▸ **EXERCISE BRIEF**
Copy all lines below exactly as written. Leave pictures out.

SOURCE DATA START

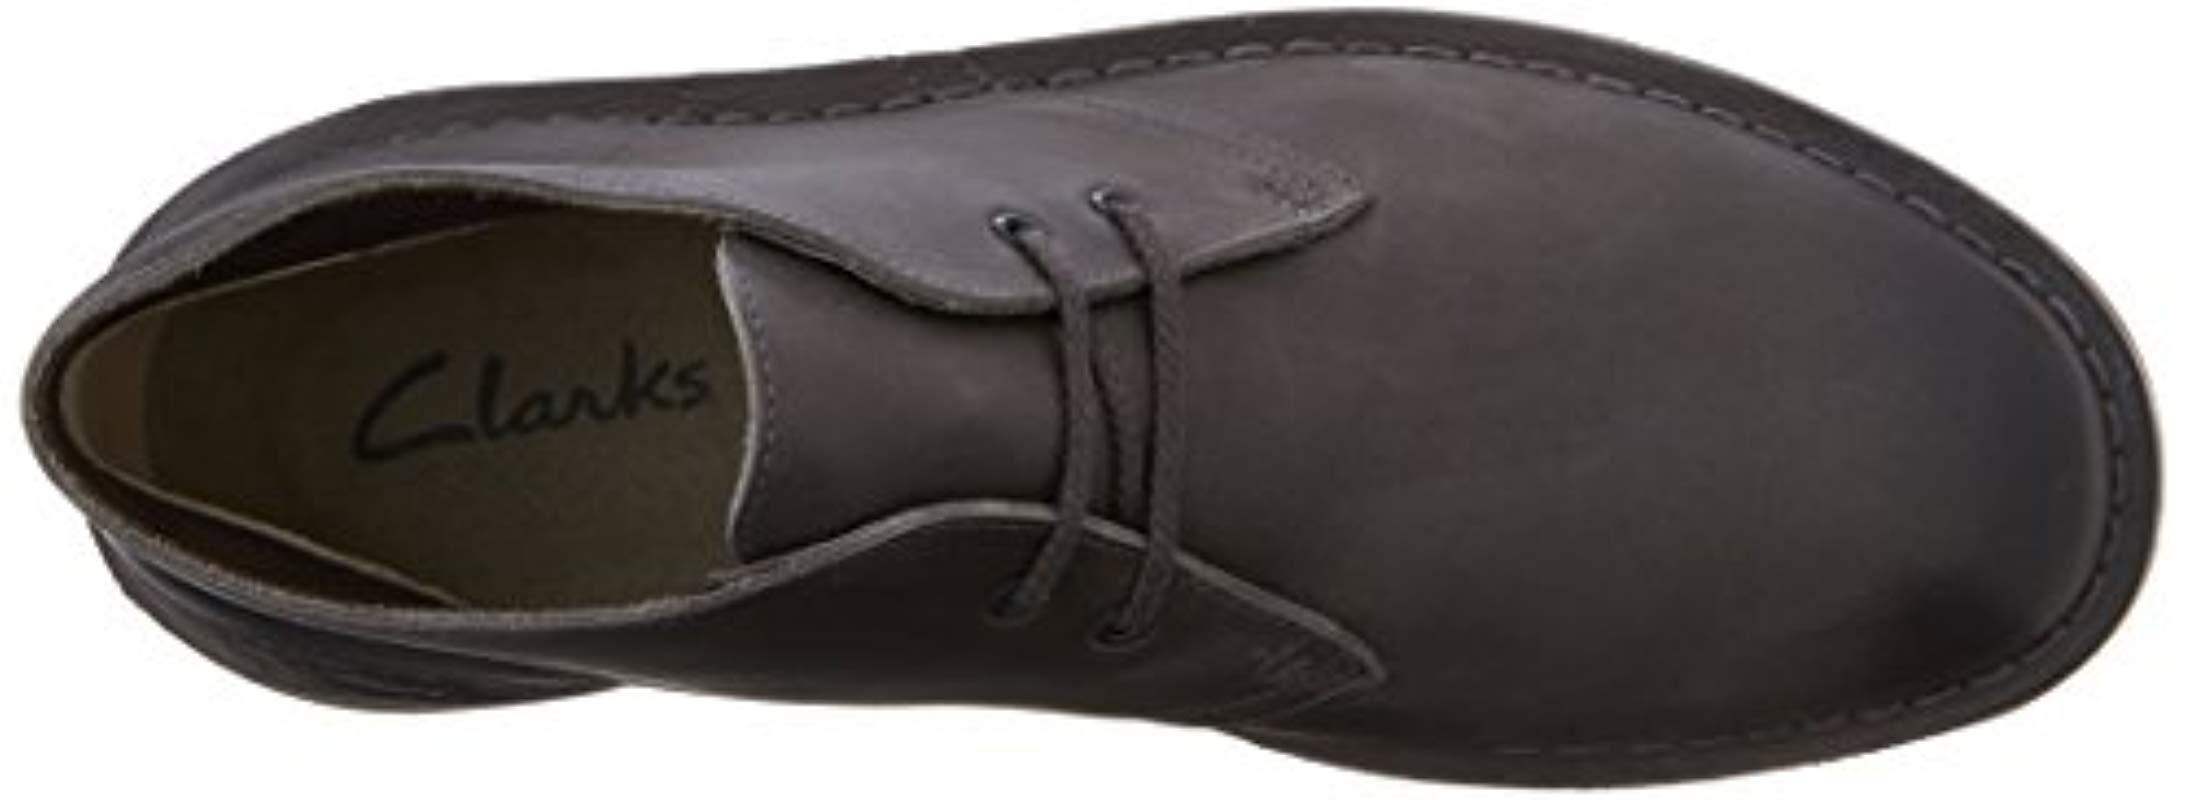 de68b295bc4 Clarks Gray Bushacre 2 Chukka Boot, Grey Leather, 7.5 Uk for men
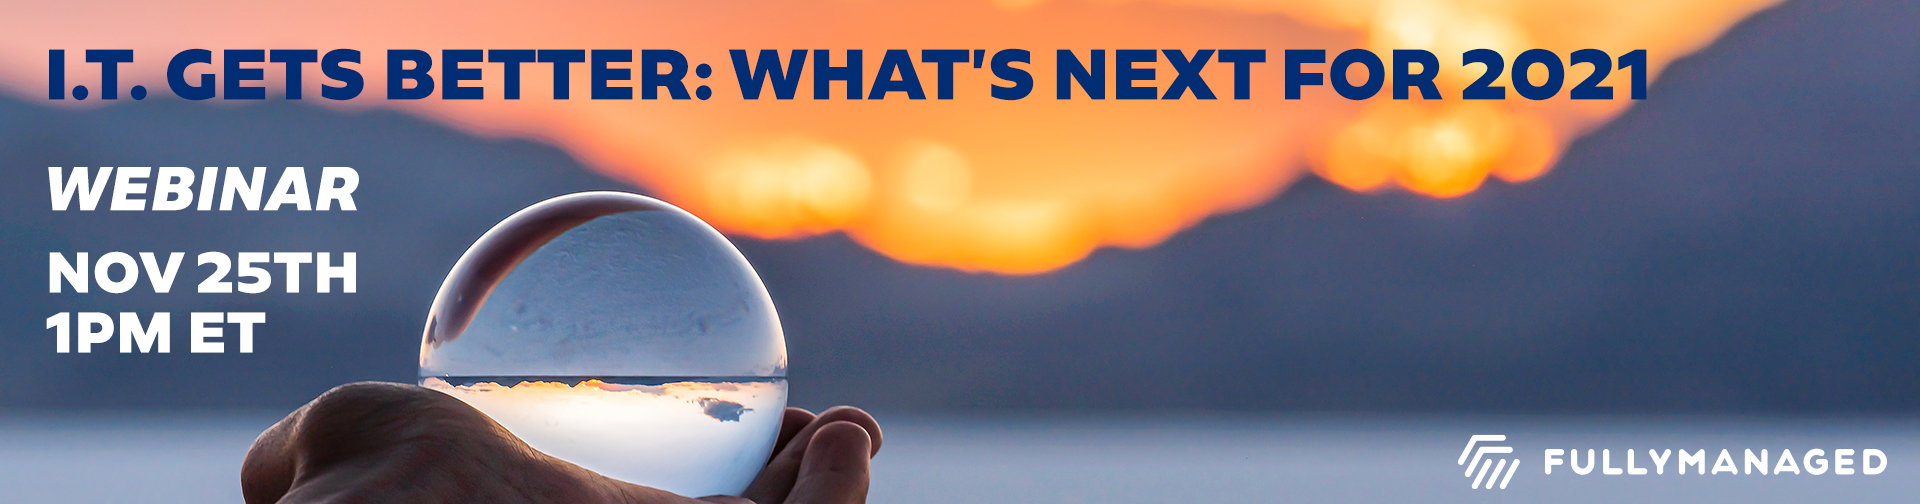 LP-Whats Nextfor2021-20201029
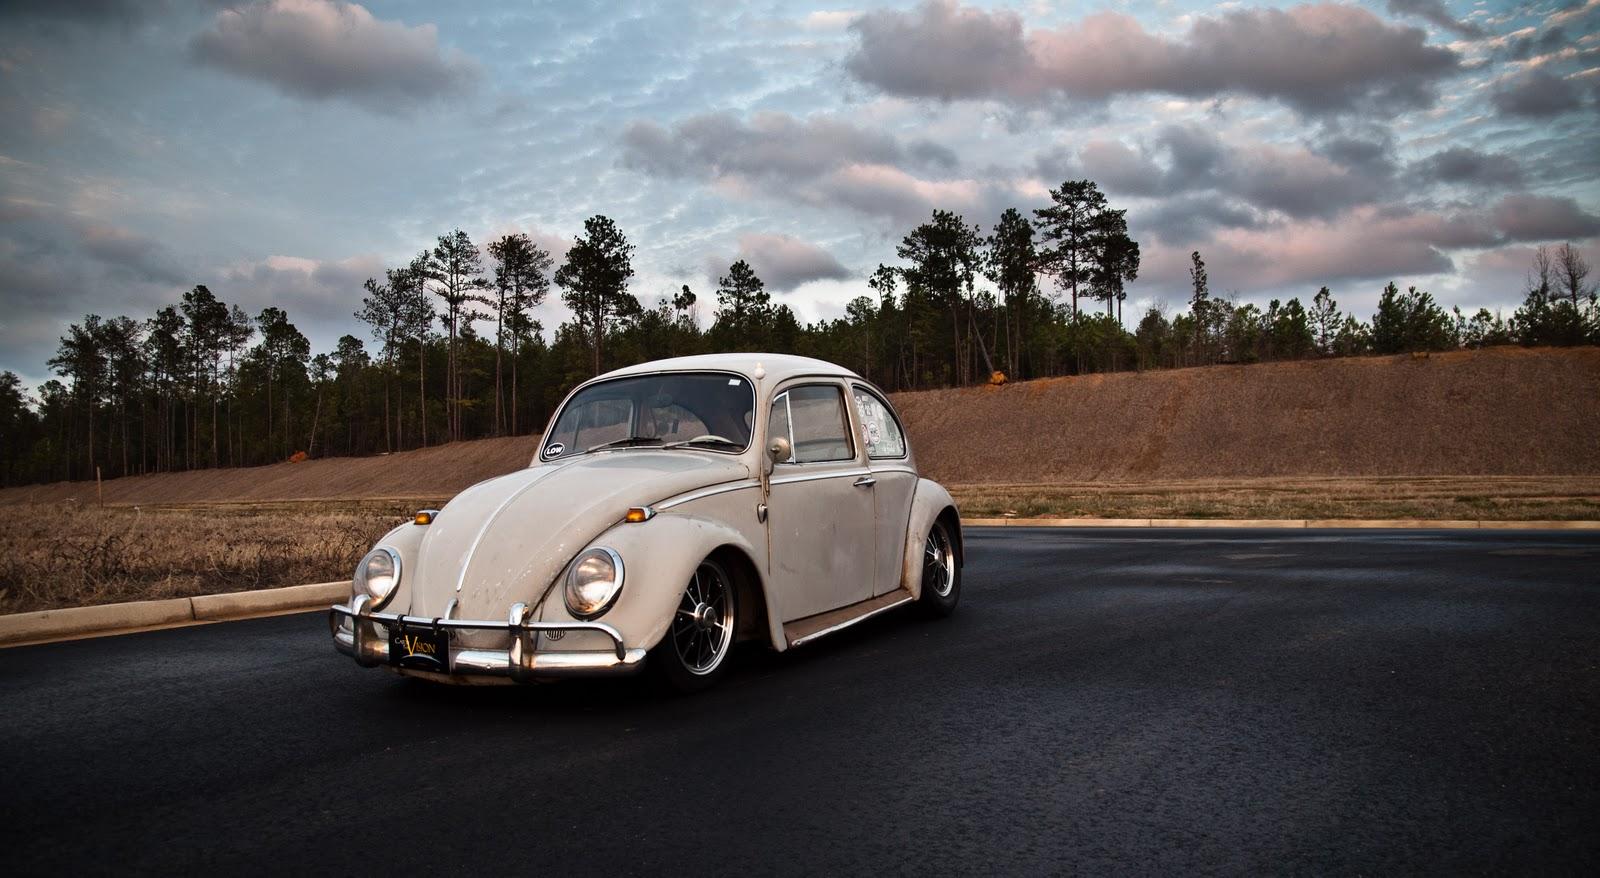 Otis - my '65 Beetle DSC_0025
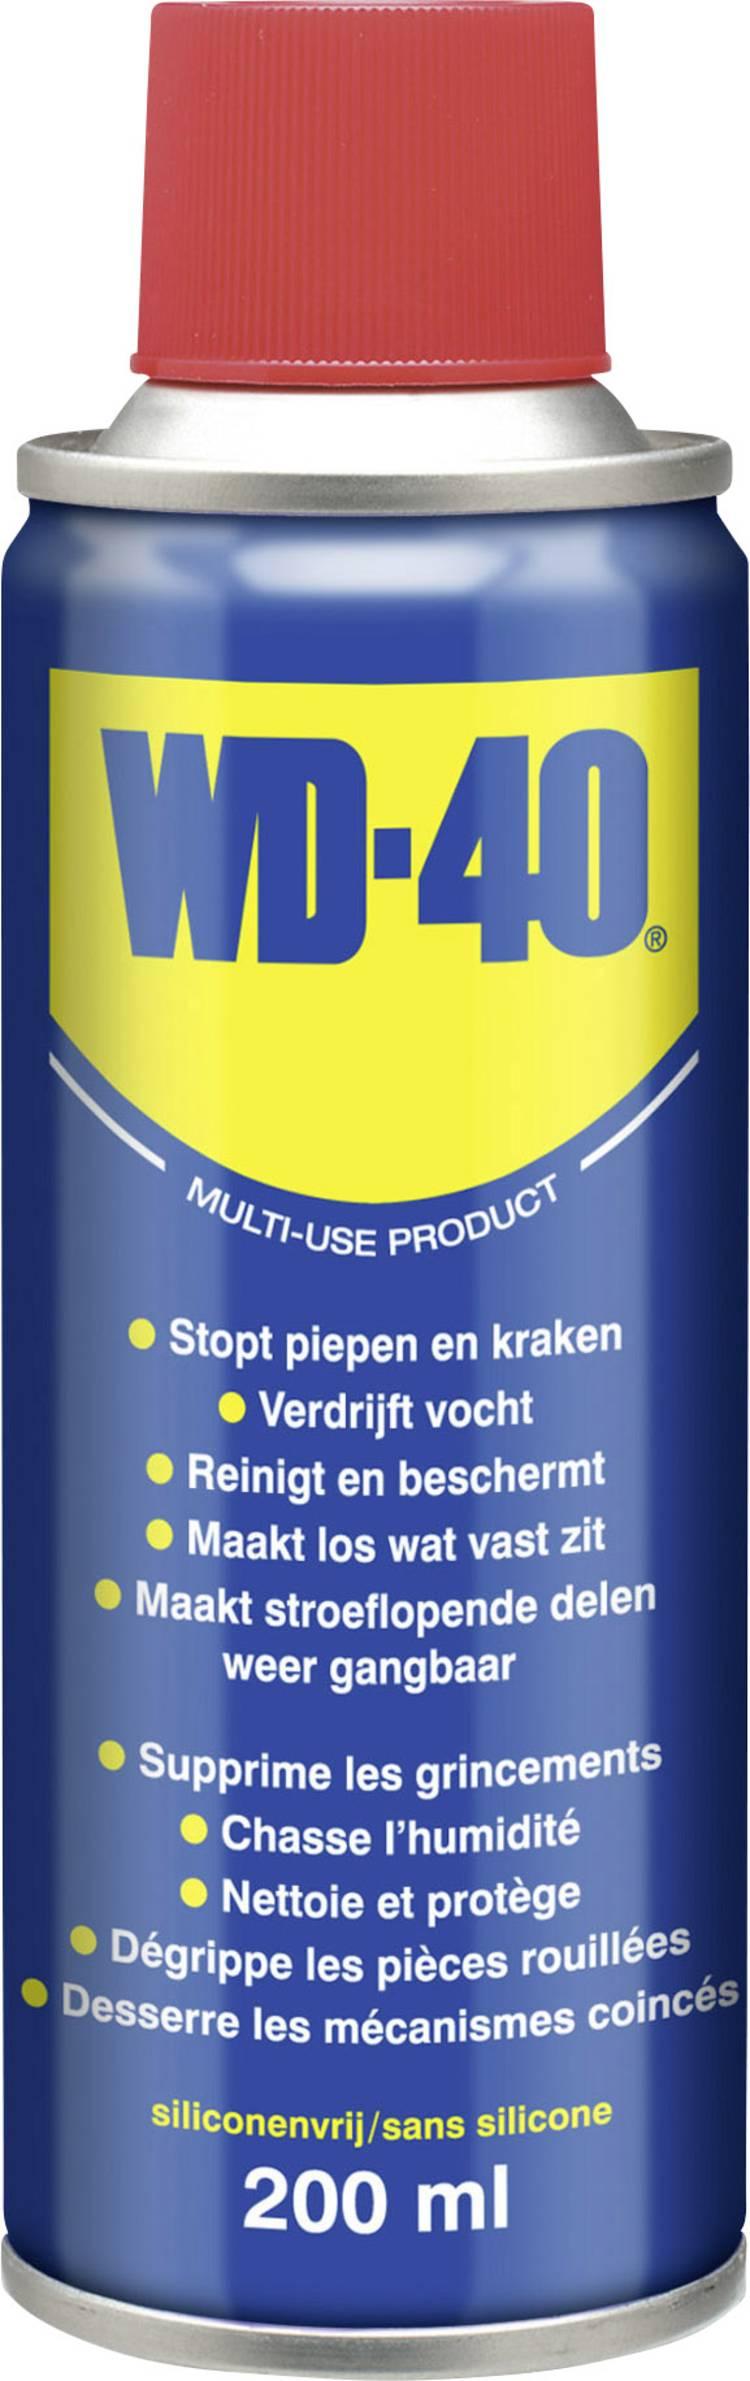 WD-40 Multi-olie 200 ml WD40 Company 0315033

SOURCE DATA END

▸ **ANSWER SECTION**
 de68b295bc4 Clarks Gray Bushacre 2 Chukka Boot, Grey Leather, 7.5 Uk for men
 LP-Whats Nextfor2021-20201029
 Otis - my '65 Beetle DSC_0025
 WD-40 Multi-olie 200 ml WD40 Company 0315033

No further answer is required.